* DATASET EXTRACT *

◇ ◇ ◇ ◇ ◇

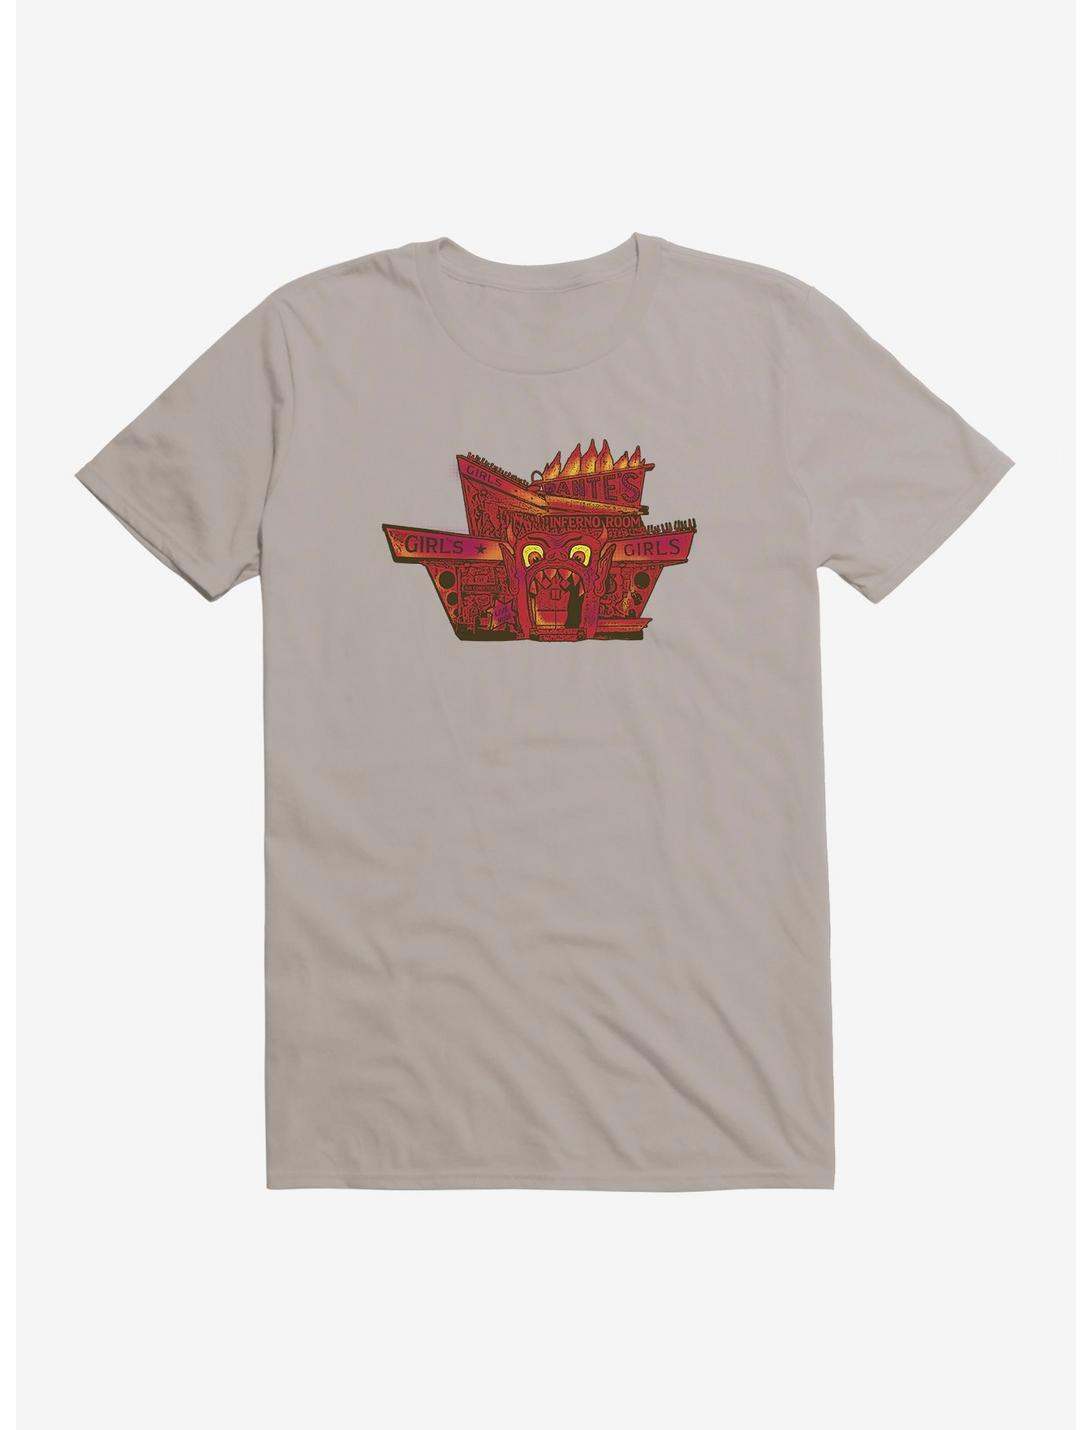 Beetlejuice Inferno Room T-Shirt, LIGHT GREY, hi-res
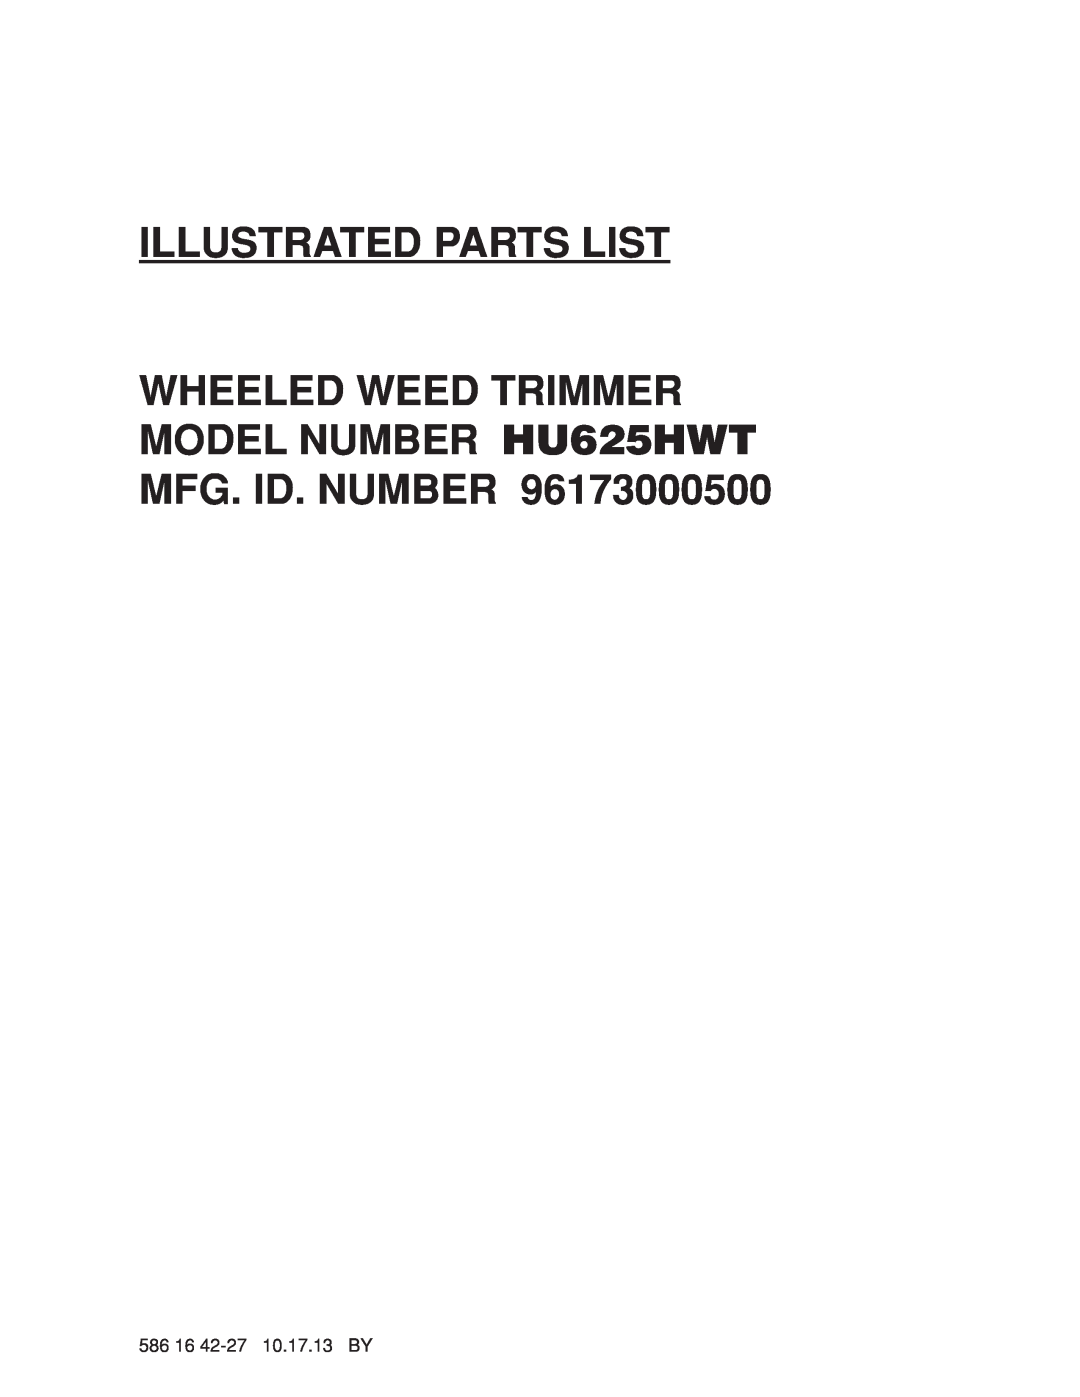 Husqvarna 961730005 manual Illustrated Parts List, WHEELED WEED TRIMMER MODEL NUMBER HU625HWT MFG. ID. NUMBER 
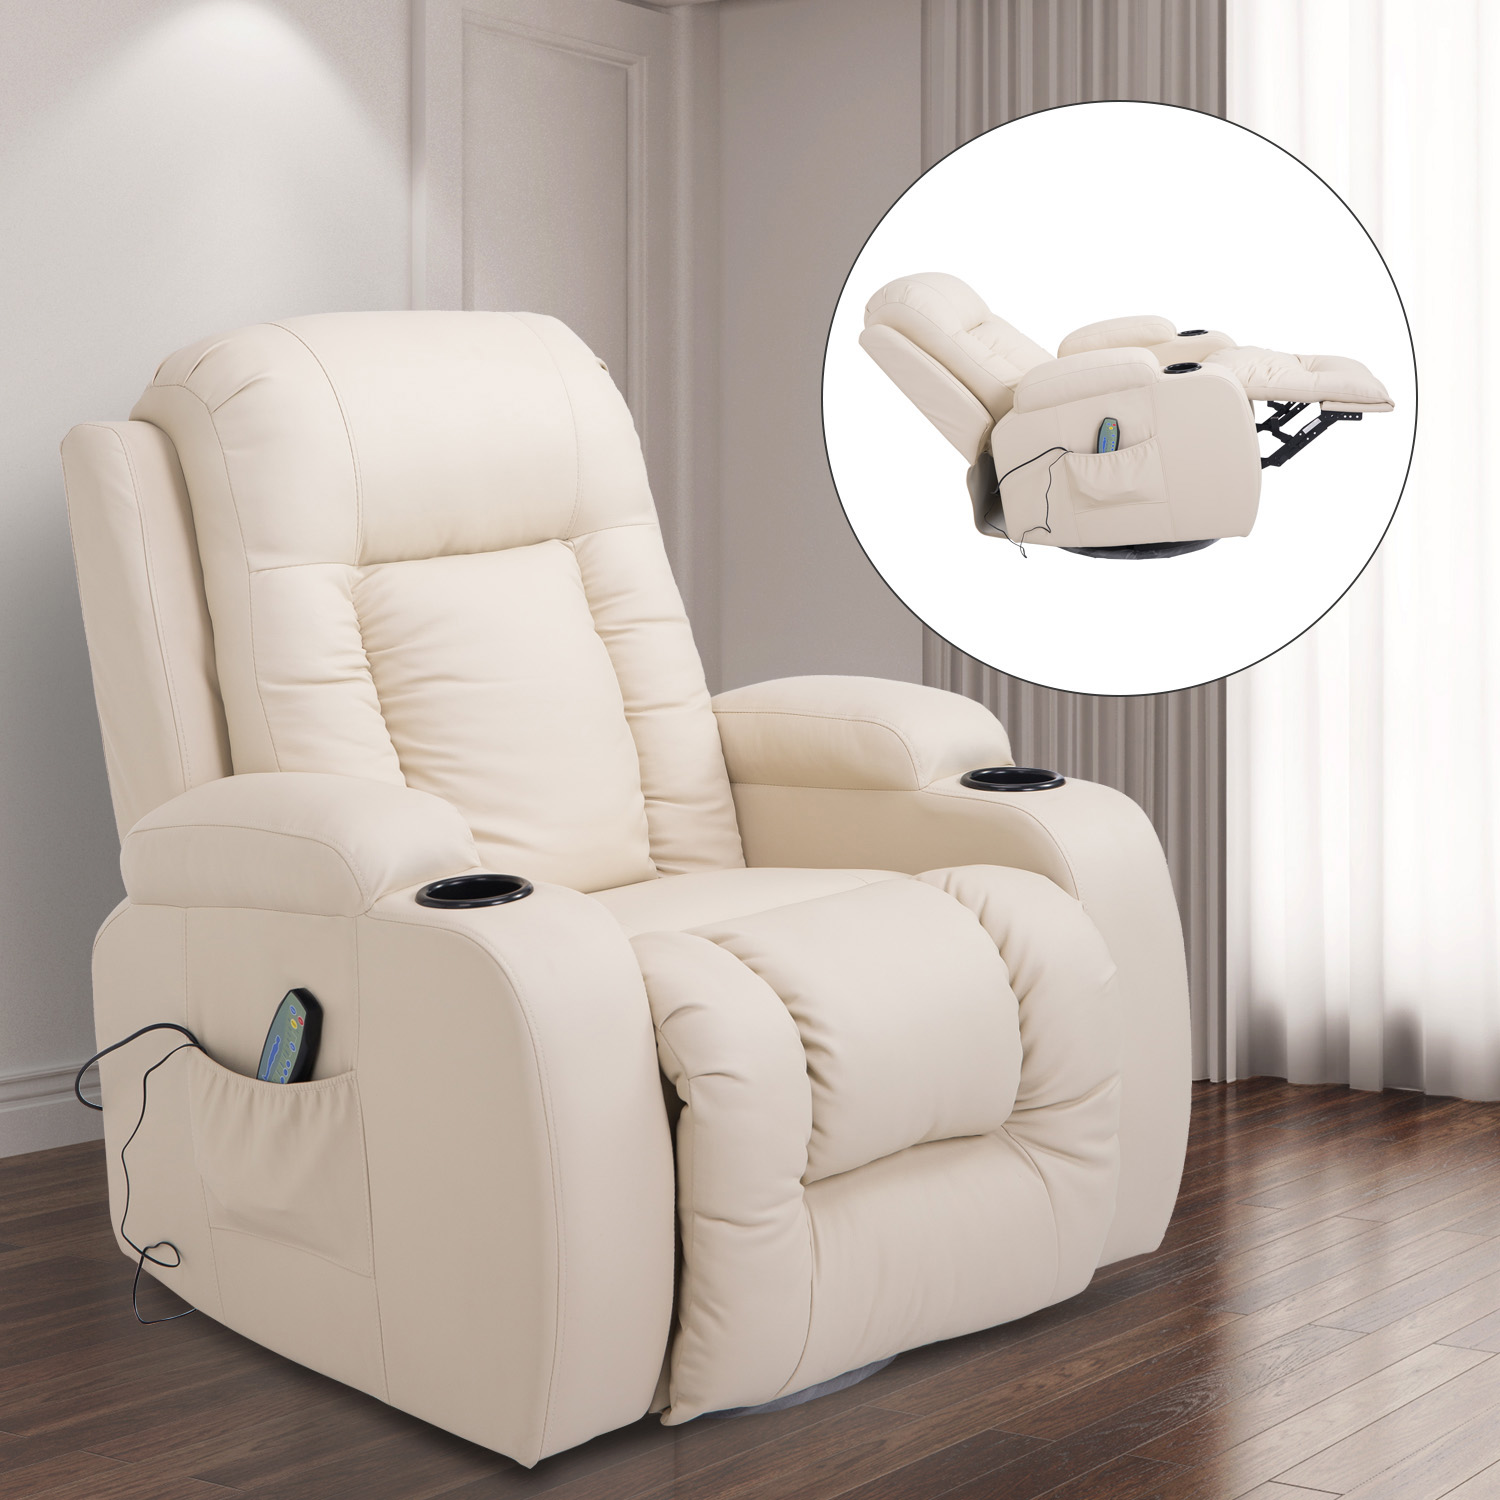 HOMCOM Massage Recliner Chair Heated Vibrating PU Leather Ergonomic Lounge 360 Degree Swivel with Remote - Cream White - image 2 of 8

◇ ◇ ◇ ◇ ◇

* AIM OF THE TASK *
Having located the line with "Husqvarna 961730005 manual", copy it exactly along with every later line through the end of the listing above, but omit the pictures.

* RESPONSE TO THE EXERCISE *
 Husqvarna 961730005 manual Illustrated Parts List, WHEELED WEED TRIMMER MODEL NUMBER HU625HWT MFG. ID. NUMBER 
 HOMCOM Massage Recliner Chair Heated Vibrating PU Leather Ergonomic Lounge 360 Degree Swivel with Remote - Cream White - image 2 of 8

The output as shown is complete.